我需要比较两个数据帧并生成比较结果的输出。尺寸相同。列和行顺序匹配。我想比较两个数据帧之间的每个相应单元格,并确定它们是包含相同的值还是不同的值。如果值不同,我需要知道两个值是否属于我定义的特定向量,或者它们是否来自2个不同的向量。我在下面提供了示例代码。
我无法在论坛中发现任何我需要的东西,主要是因为我需要知道值何时不同,它们根据我提供的标准有多么不同。
#Possible Value Types for the Data Frames
typeA = c("Green", "Blue", "Purple")
typeB = c("Red", "Orange", "Yellow")
#Create Data Frames to Compare
df1 = as.data.frame(cbind(rbind("Green","Red","Yellow"),
rbind("Green", "Purple", "Red"),
rbind("Orange", "Orange",NA),
rbind(NA,"Red","Purple")))
df2 = as.data.frame(cbind(rbind("Green","Red","Yellow"),
rbind(NA, "Purple", "Yellow"),
rbind("Blue", "Orange",NA),
rbind("Blue","Red","Green")))
#Data frames compared must have identical dimensions
###INSERT FUNCTION HERE
myfunction = function(df1,df2){
#compare corresponding cells and provide output based on match
#example: compare cell df1[1,1] to df2[1,1]

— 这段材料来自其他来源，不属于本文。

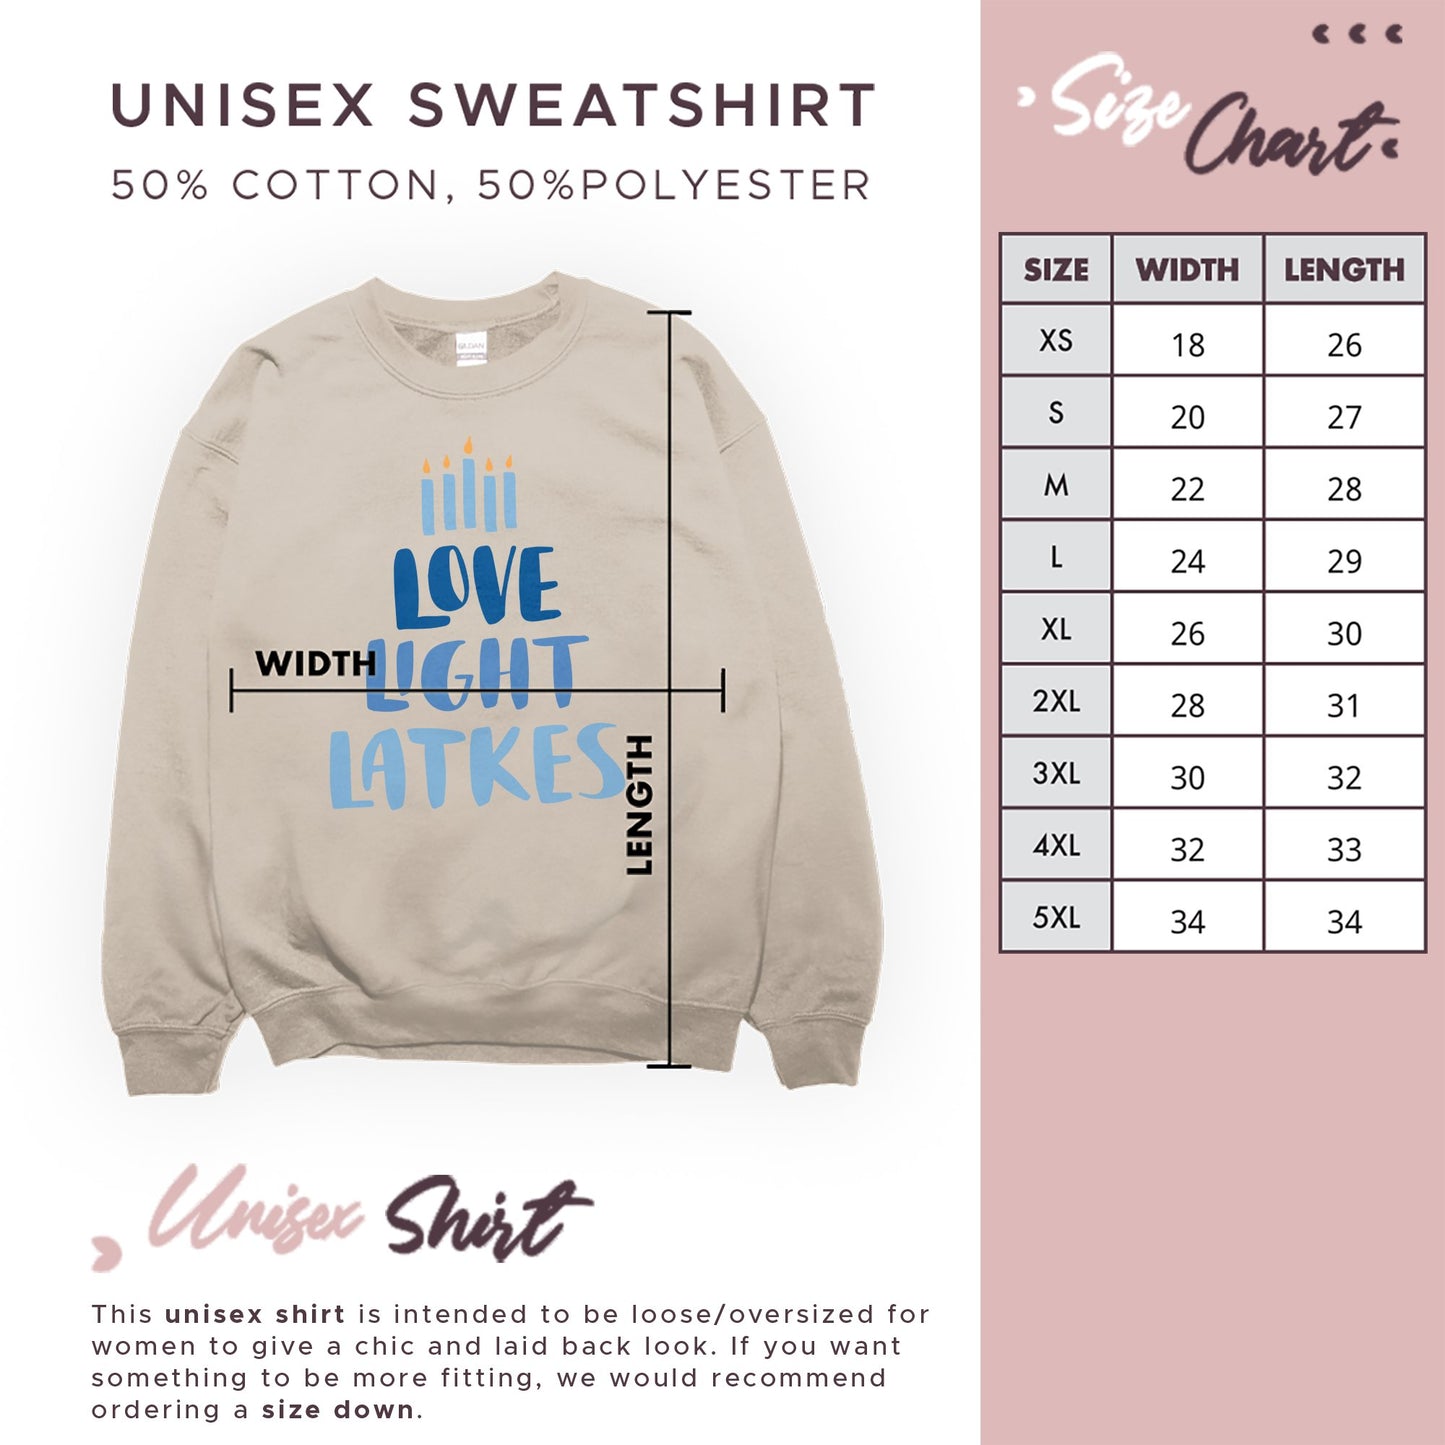 Hanukkah Sweatshirt, Love Light Latkes - Mardonyx Sweatshirt
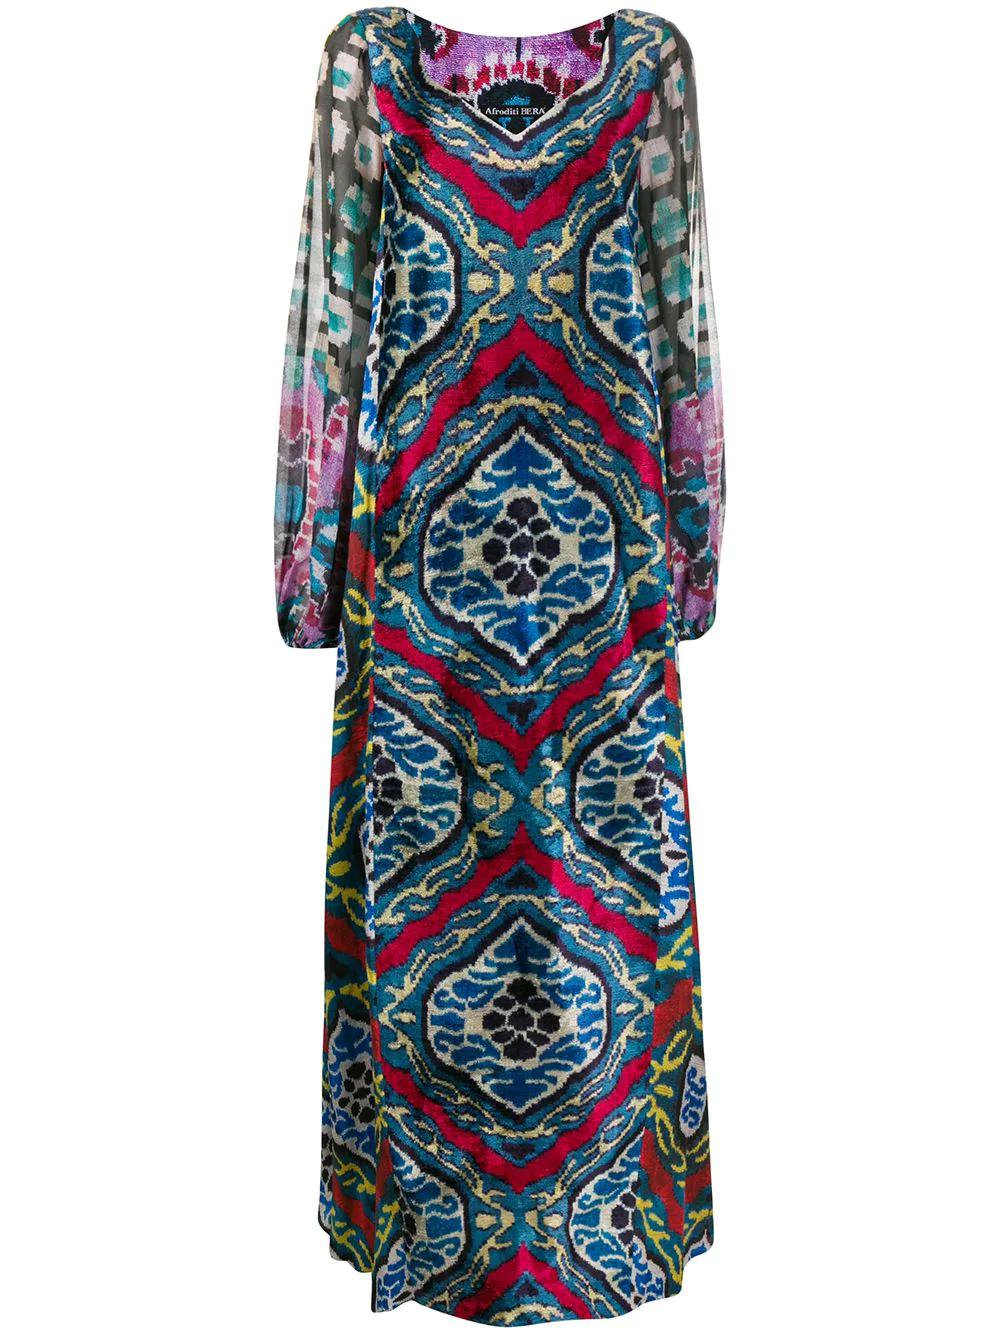 carpet-print velvet and chiffon gown by AFRODITI HERA

#if either df1[1,1] or df2[1,1] is NA then return NA, else...
#if df1[1,1] matches df2[1,1] then return "Match"
#if df1[1,1] does not match df2[1,1] but they are both in vector typeB then return "SAMEGROUP"
#if df1[1,1] does not match df2[1,1] and one is in vector typeA and the other in typeB then return "DIFFGROUP"
}
###RUN FUNCTION
df.out = myfunction(df1,df2)
#expected output
#Match: The values in df1 and df2 for that cell are identical
#SAMEGROUP: The values in df1 and df2 for that cell are different, but
##they come from the same group (typeA or typeB)
#DIFFGROUP: The values in df1 and df2 for that cell are different, and
##they come from different groups (one from typeA, one from typeB)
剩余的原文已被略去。